The mem2reg pass in LLVM is the recommended method of constructing pruned SSA form. It just implements the standard algorithm.

> QBE does not really "alternate" SSA/non-SSA, SSA form is built once at the beginning of the compilation pipeline and preserved later.

The QBE IL presented to the user is not in SSA form, but internally within your compiler, an SSA representation is kept. I prefer to not have syntactic sugar in my IL.

mpu · on April 23, 2016

It's an alternative if you fit in the use case. I did not try to clone LLVM.

dang · on April 23, 2016

We've taken 'LLVM' out of the title above, since experience has shown that discussions about titles tend to be off-topic and/or shallow. We also added 'Show HN' since this is your own work. Good luck!

mpu · on April 23, 2016

Cool, thank you guys!

mpu · on April 23, 2016

It's much much smaller (I think libfirm is over 100kloc, QBE is about 6k).

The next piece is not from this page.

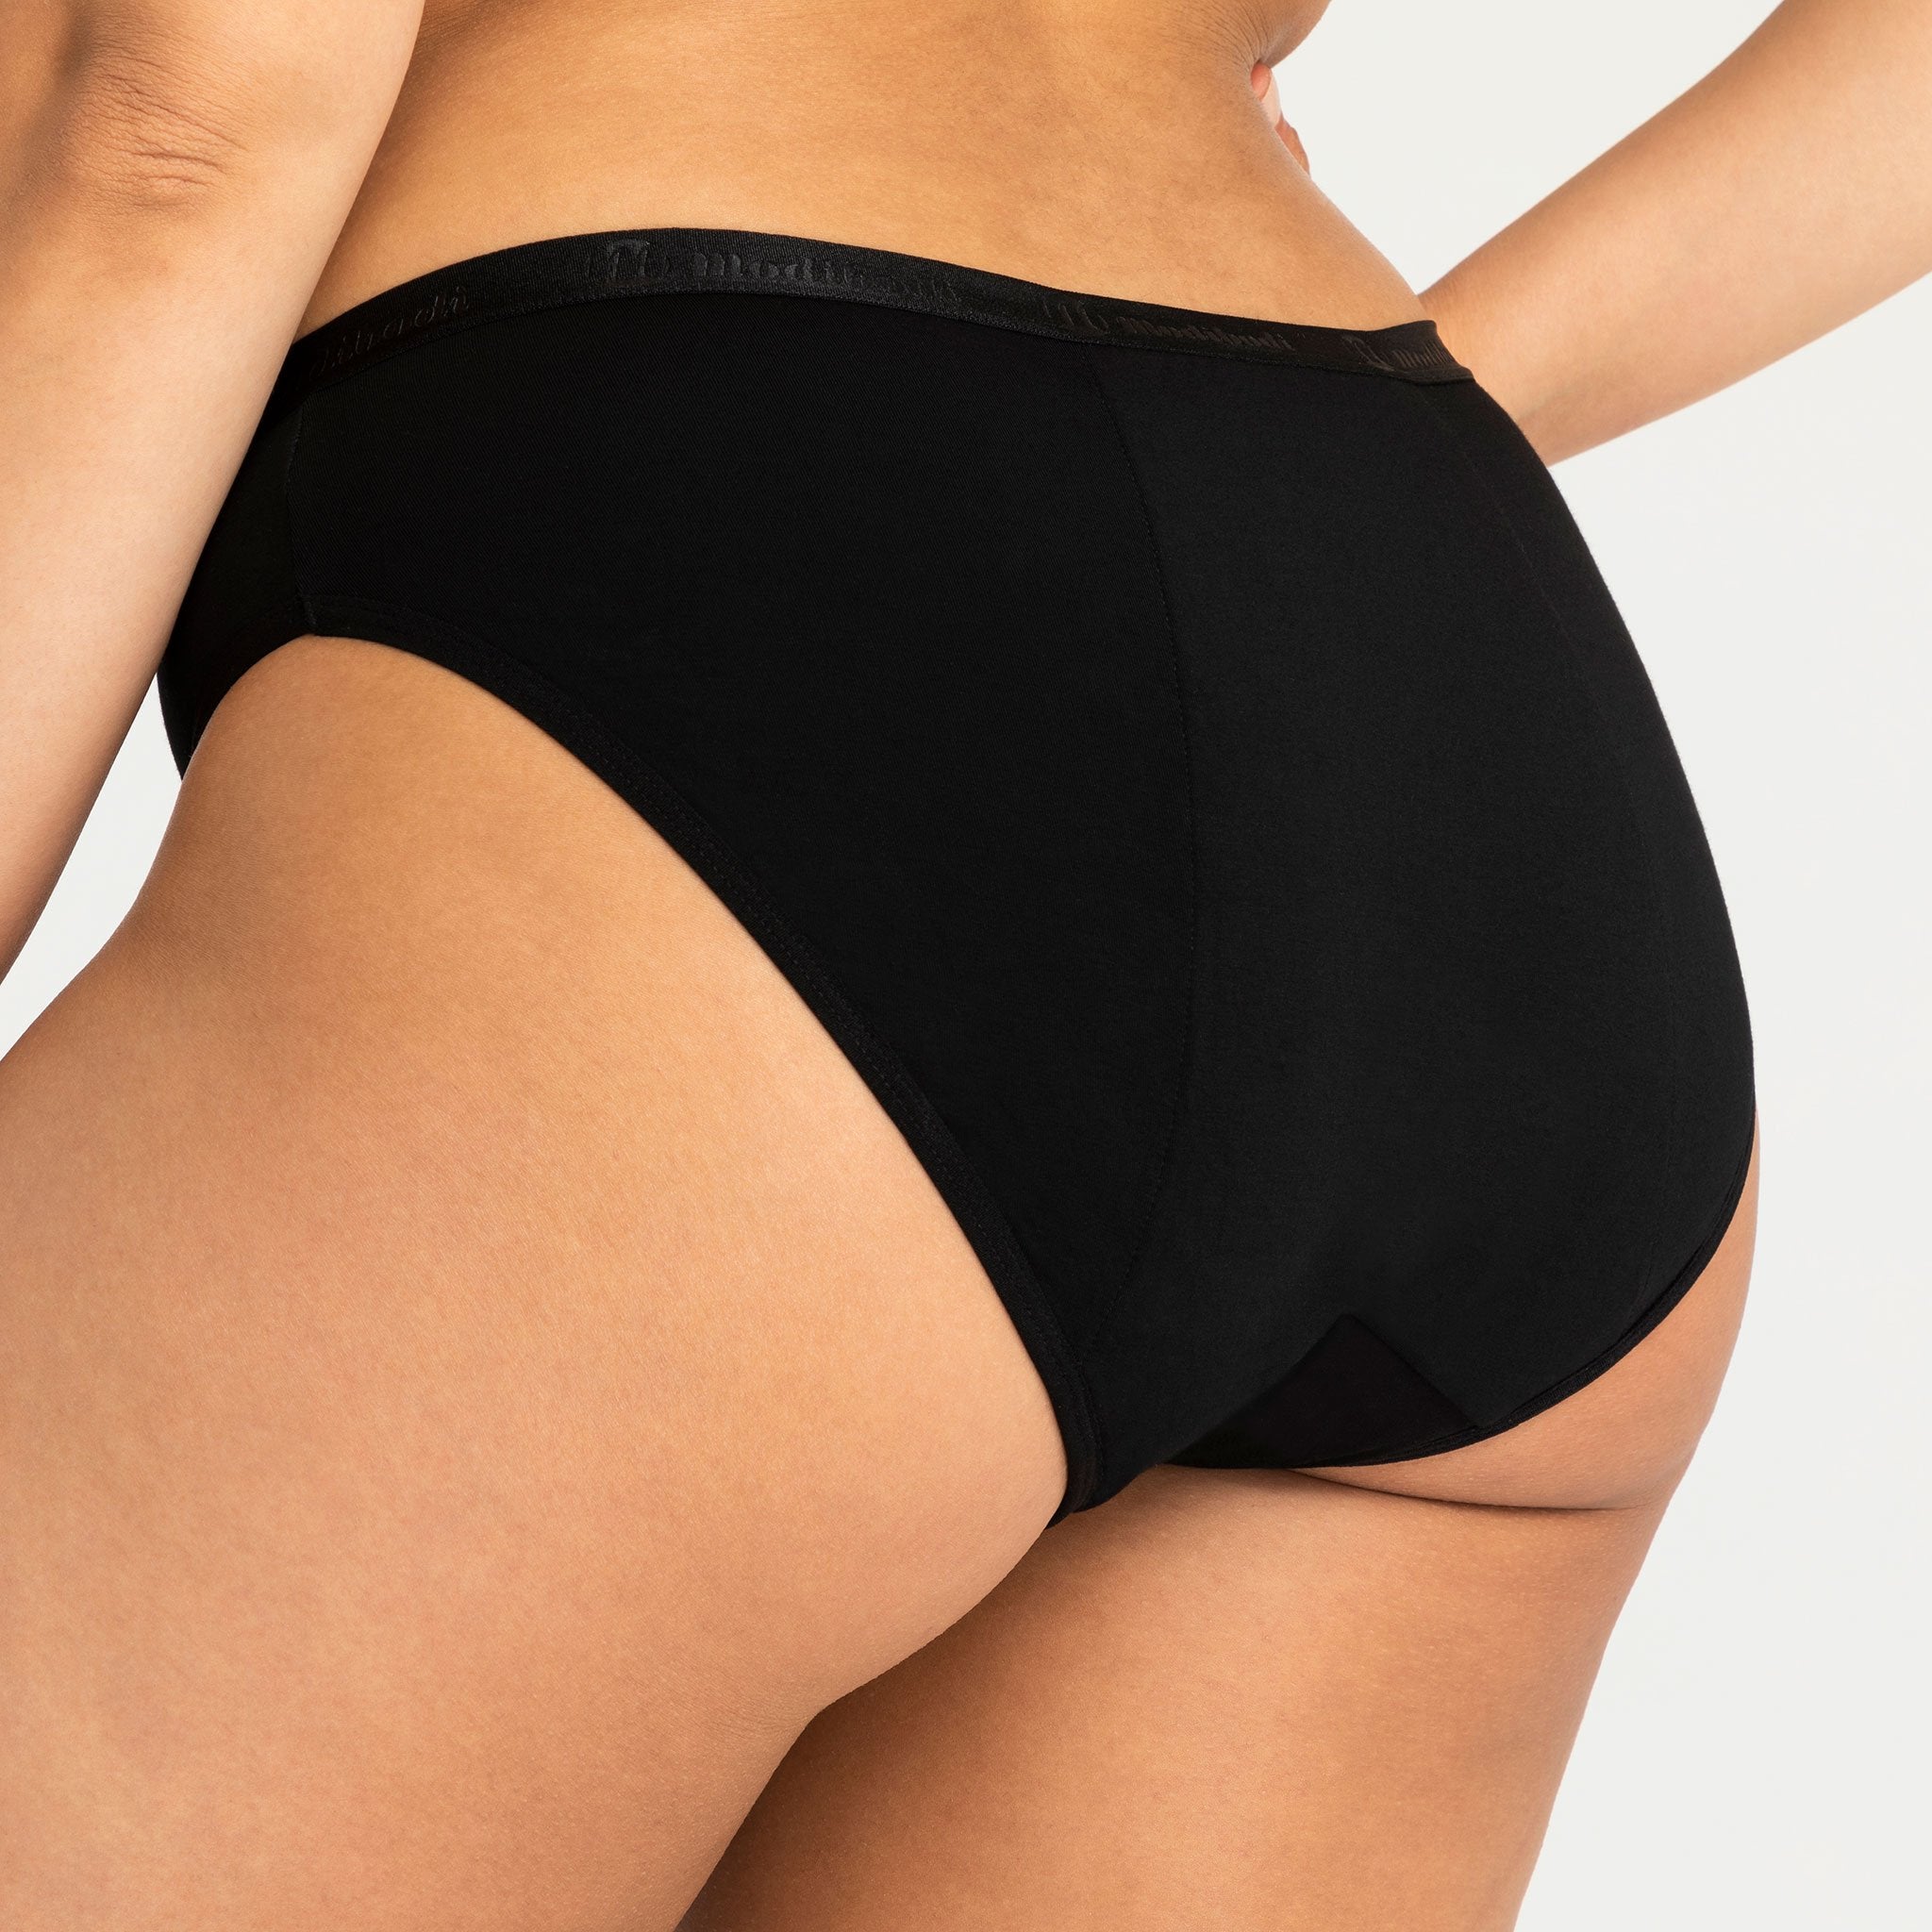 Modibodi Period Underwear Is the Future of Feminine Hygiene

But the major difference is the IL: I use a human-readable and easily-printable text IL. This means that you don't need a graph-viewing tool to read the IL (it's just text) and that you can modify the IL between two passes super easily. This simple IL is a blessing when debugging a compiler.

I think QBE also has better support for the x64 ABI.

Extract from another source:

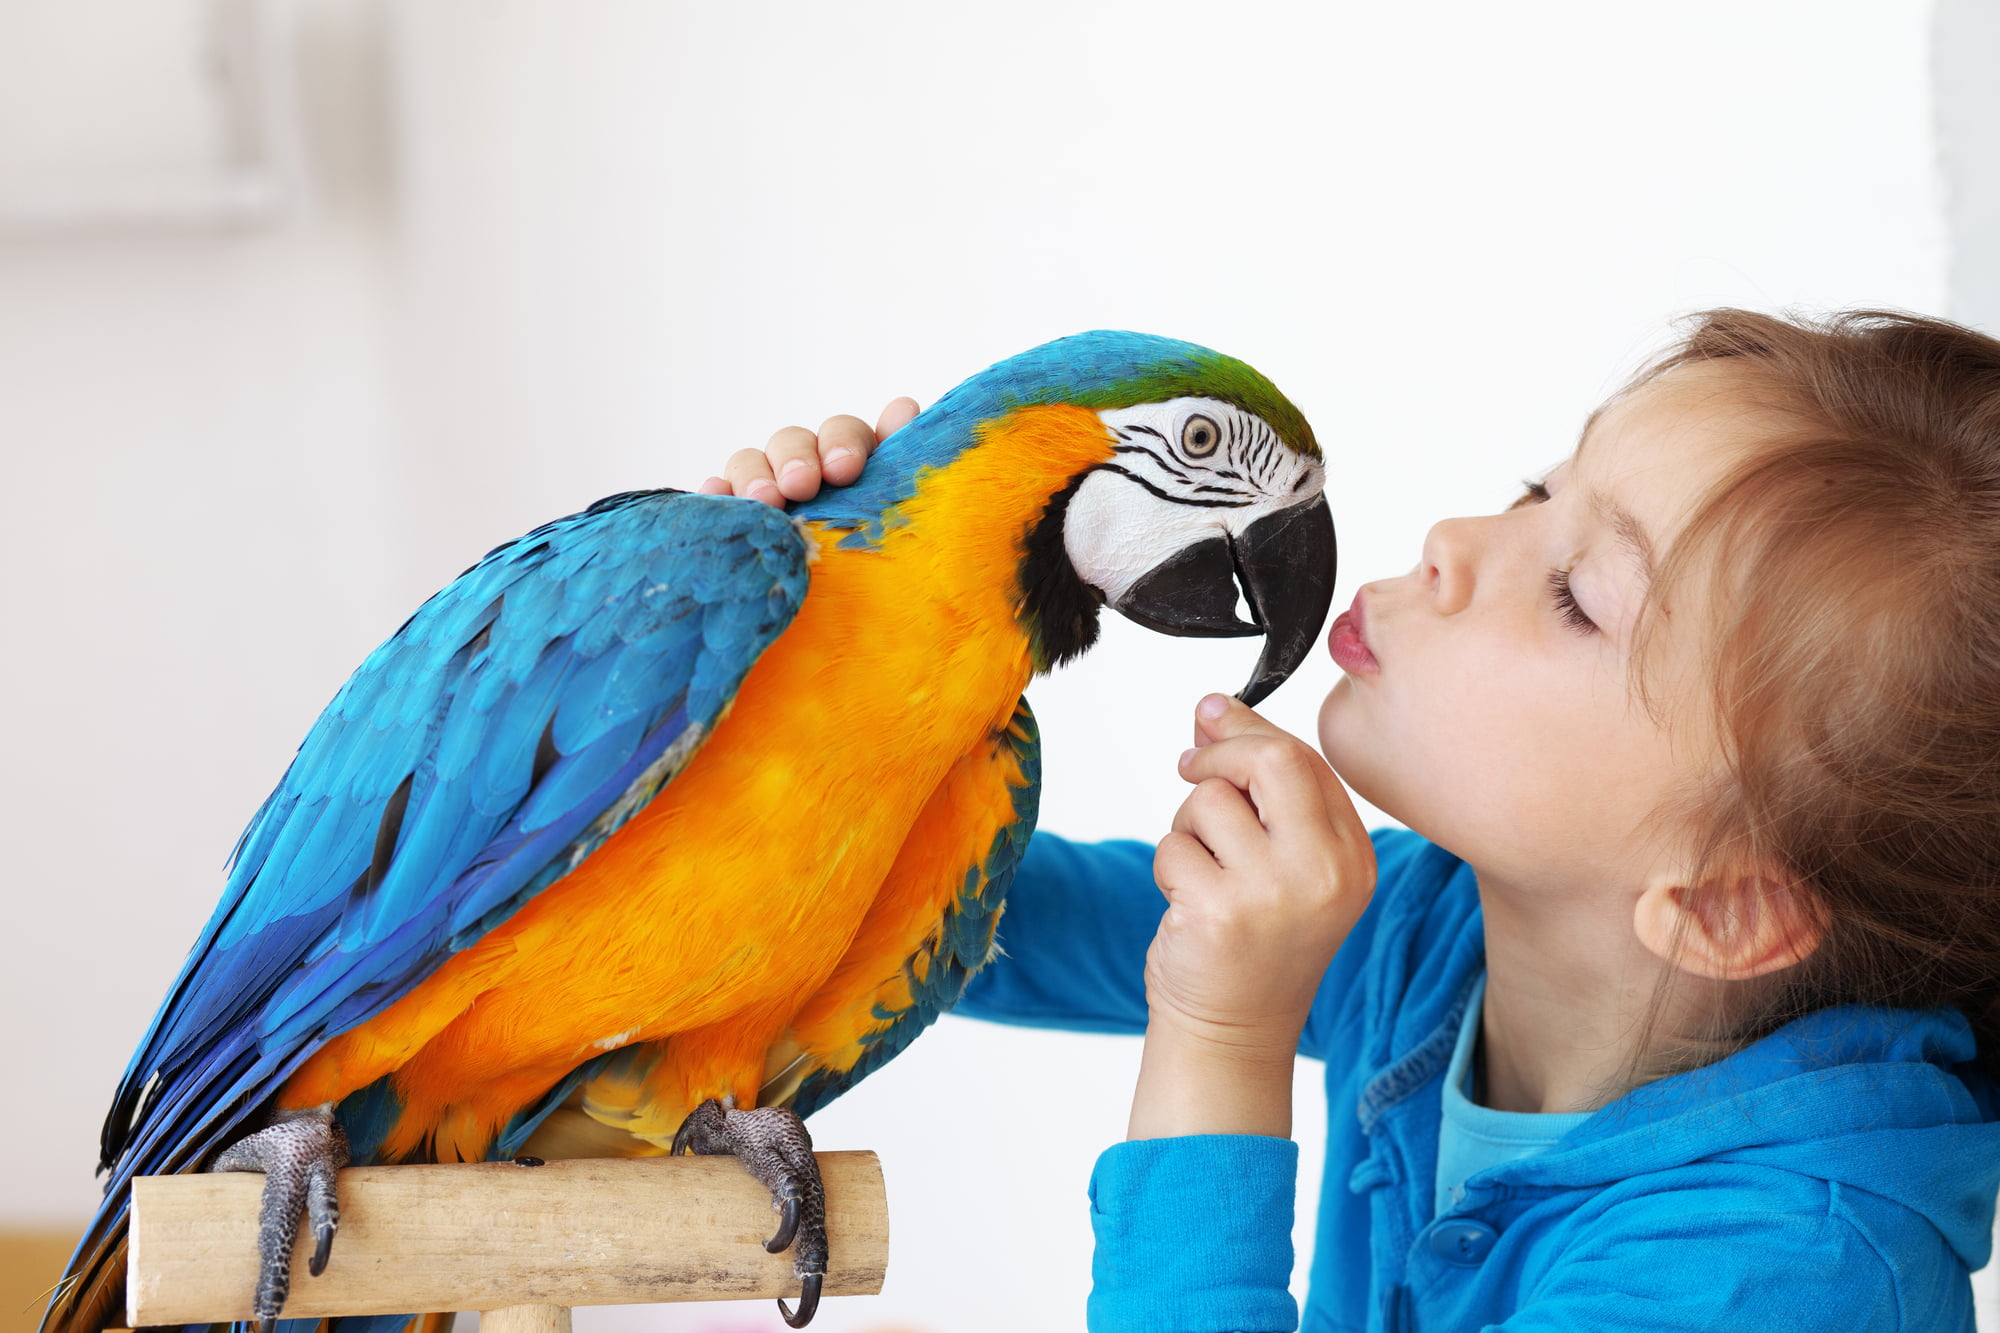 Почему попугаи говорят

Finally, it is much less advanced (less optimizations, less tested) than libfirm and supports only x64 as a target.

This is a sketchy comparison.

swah · on April 29, 2016

Its probably also easy for you to output a symbol-file to be used by IDE/editors, right?

mpu · on April 23, 2016

Thank you for your words. It is often called NIH, but eh, I learned a lot! And I think that I made some modest improvements over LLVM, you can check them out in my comparison at http://c9x.me/compile/doc/llvm.html

tinco · on April 23, 2016

Looks good! I know your target is 70% of the performance, but is there any fundamental reason to QBE that it couldn't be more? Suppose I ported my compiler from LLVM to QBE (I think I could do so with not too much effort) would at some point I be able to work on porting some of LLVMs optimizing phases to QBE to get my performance up to par, or is there a design decision you made that will get in the way of the last 30%?

mpu · on April 23, 2016

It's only a goal I set to myself, if we can do better, heck let's do it! Keeping the code short, on the other hand, is really something I care about.

tinco · on April 23, 2016

Great, I have the same goal for my compiler. I'd love for the compiler to be able to bootstrap its own backend, and as it only compiles C that would rule out llvm.

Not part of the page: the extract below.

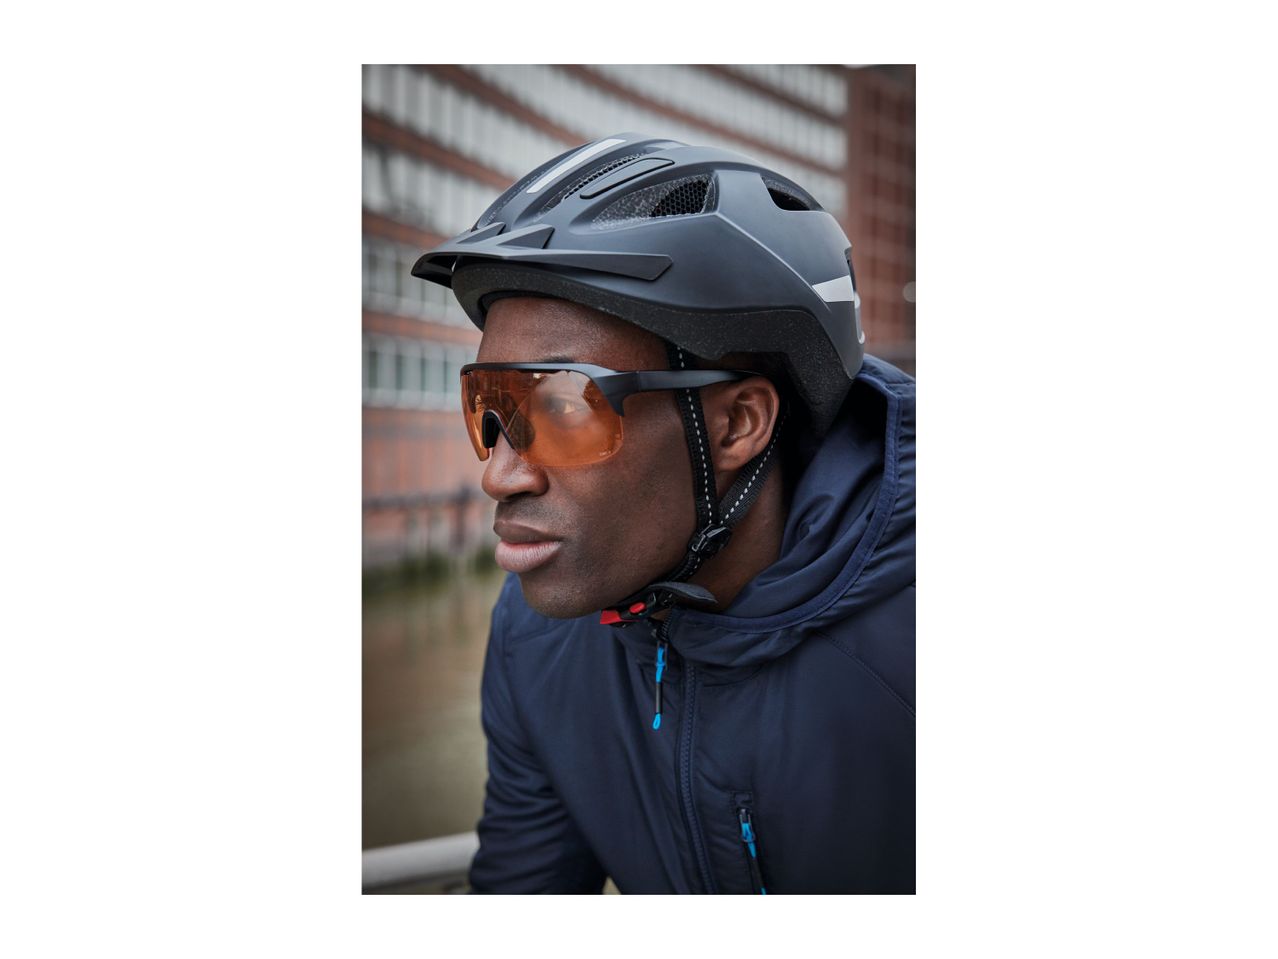 Go to full screen view: Crivit Bike Helmet with Rear Light - Image 5

I am not sure how far I am along in actually compiling C, if I'd had to guess I'd say around 60%. Hopefully there's not too much crazy things on the horizon.

I'm not a C programmer myself so I first implemented the switch statement in a naieve way, and then I discovered the way they actually work and spent days getting it right.

If I get to the point where I can compile trivial C programs like the benchmarks game, I'll research a move to QBE :)

gravypod · on April 23, 2016

If you modularize/abstract different optimization passes, you could easily keep code clarity high, while still having a very clean set of code.

I've not done this a lot in C but it looks possible: http://stackoverflow.com/questions/384121/creating-a-module-...

mpu · on March 17, 2016

12,000 links is probably too much.

0x4542 · on March 17, 2016

How many do you think is the right amount then?